United States District Court, Ninth Circuit

July 26, 2013

UNITED STATES OF AMERICA, Plaintiff,
v.
ANTHONY MILANO, Defendant.

DETENTION ORDER

KANDIS A. WESTMORE, Magistrate Judge.

I. BACKGROUND INFORMATION

Defendant Anthony John Milano is charged in an indictment with a violation of 18 U.S.C. § 922(g)(1) (Felon in Possession of a Firearm).

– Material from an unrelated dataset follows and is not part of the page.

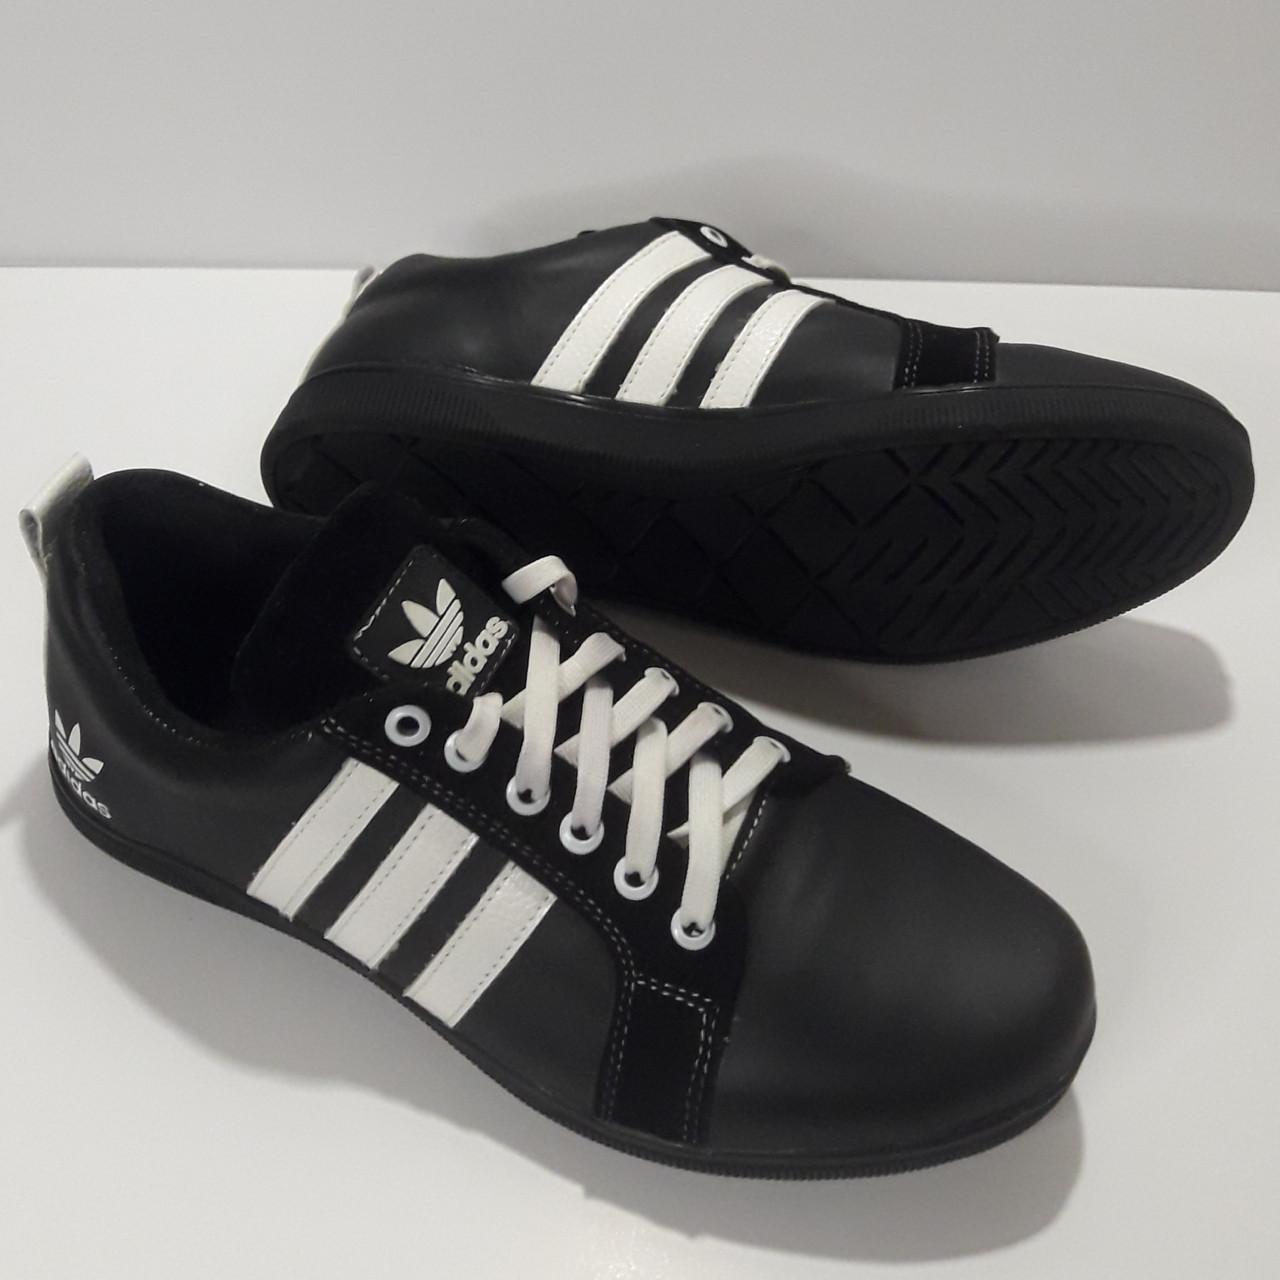 Кроссовки Adidas р.40 кожа Харьков чёрные

Defendant initially appeared before the undersigned on July 11, 2013, and was charged with the instant offense. On that date, Defendant was remanded to custody pending a detention hearing scheduled for July 18, 2013. Pretrial Services prepared a full bail study and recommended that Defendant be detained. On July 18, 2013, the Court conducted the detention hearing. Defendant was present, in custody, and represented by Ellen Leonida of the Federal Public Defender's Office. Assistant United States Attorney Cynthia Frey appeared on behalf of the Government. For the reasons stated below, the Court orders that Defendant be detained.

II. LEGAL ANALYSIS

The Bail Reform Act requires that in a pretrial posture, the government bears the burden of proving that a defendant poses a risk of flight and/or a danger to the community that cannot be mitigated through the imposition of conditions of release. If the government does not meet its burden, the court's duty is to fashion appropriate conditions that permit the defendant to remain out of custody during the preparation of his or her defense, while safeguarding against flight or danger to the community. Close cases should result in release: "[t]o give effect to the principle that doubts regarding the propriety of release be resolved in favor of the defendant, the court is to rule against detention in close cases." United States v. Chen, 820 F.Supp. 1205, 1208 (N.D. Cal. 1992) (Walker, J.) (citing United States v. Motamedi, 767 F.2d 1403, 1405-06 (9th Cir. 1985)).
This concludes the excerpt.